This subtitle aims to revamp the existing presidential public financing program. The system, which was first introduced in 1976, matches small donations to primary candidates at a 1–1 ratio and provides a block grant to party nominees for the general election. Most major Democratic and Republican candidates, including every candidate who won their party’s nomination, used the system until 2008. In 1984, President Reagan won reelection under the system without holding any fundraisers. More recently, however, the amount of funds provided under the system and its strict limits on how much participating candidates can spend have not kept pace with the mounting cost of campaigns. Since 2012, neither major party nominee has used the system. This subtitle would update the presidential public financing system to make it once again viable.
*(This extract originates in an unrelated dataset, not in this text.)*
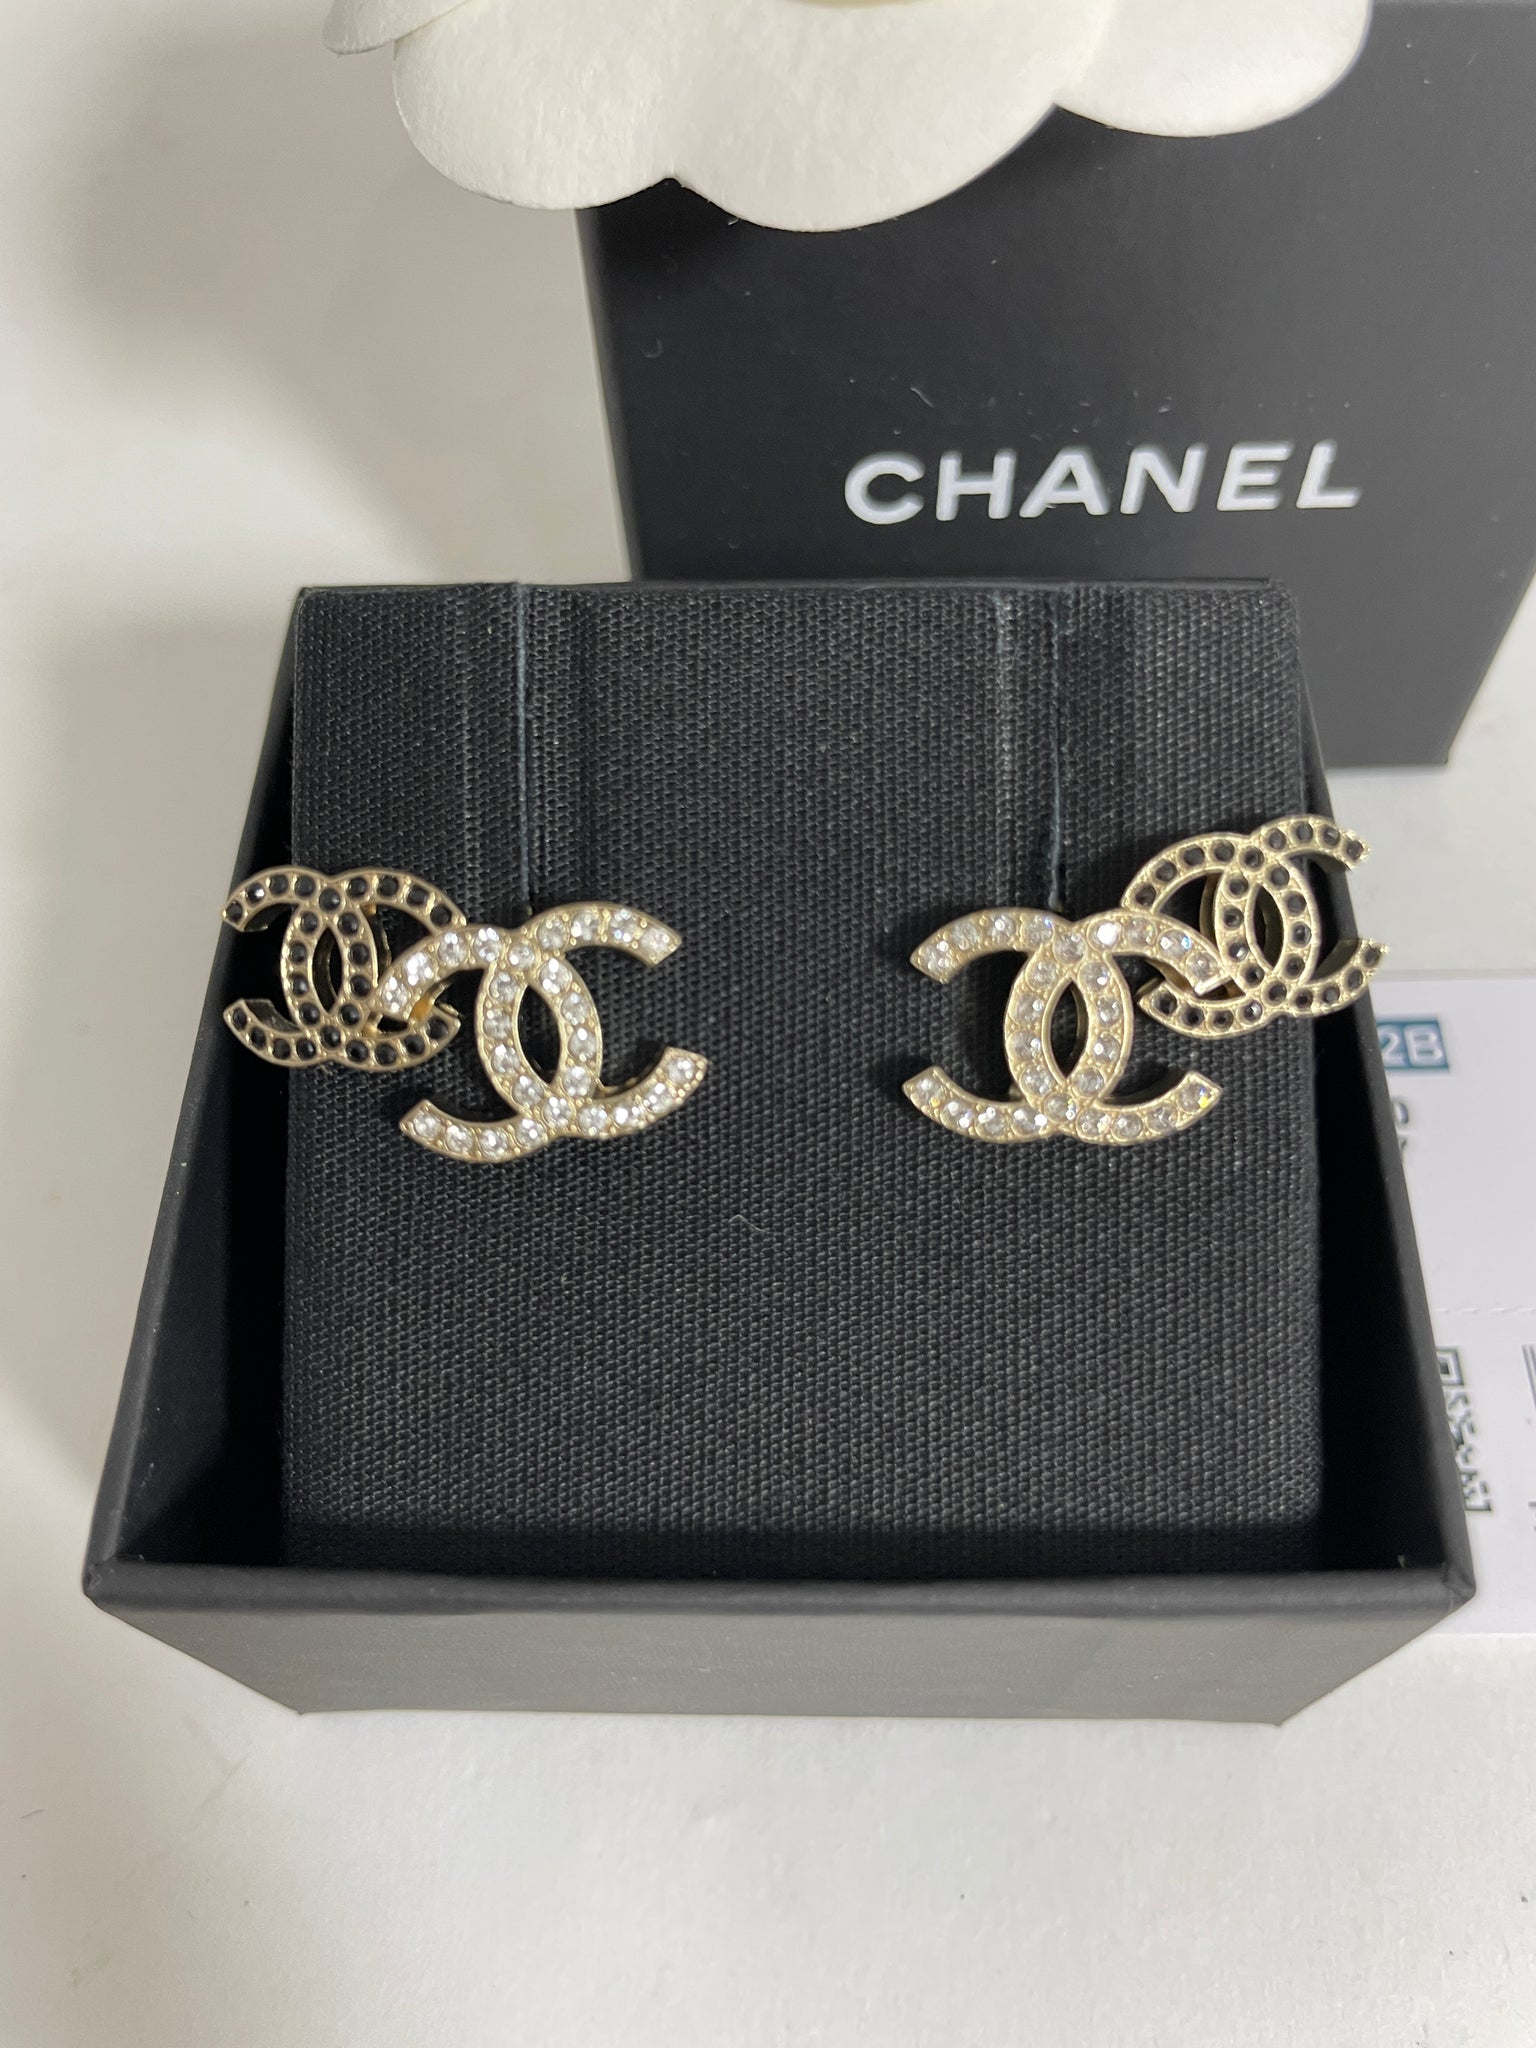 Chanel 22B CC Gold Black White Crystal Double Stud Earrings

Its provisions, like those in the previous subtitle, would be funded exclusively by the new Freedom From Influence Fund.

Summary of Key Changes:

This subtitle would, among other things:

  • increase the match for primary candidates to a 6–1 ratio on contributions of $200 or less;
  • require candidates to receive $25,000 in small donations from donors spread across 20 states in order to qualify for public funding;
  • impose a $1,000 individual contribution limit for participating candidates (indexed to inflation) and other requirements similar to those for participating congressional candidates under the previous subtitle;
  • replace general election block grants with a 6–1 match on small donations, with total public funds limited to $250 million per candidate (indexed to inflation);
  • eliminate expenditure limits for participating candidates in the primary and general election;
  • allow the national committees of political parties to spend more money in coordination with their candidates; and
  • require participating candidates to commit to using the public financing system and adhering to its requirements for both the primary and general election, if they win their party’s nomination.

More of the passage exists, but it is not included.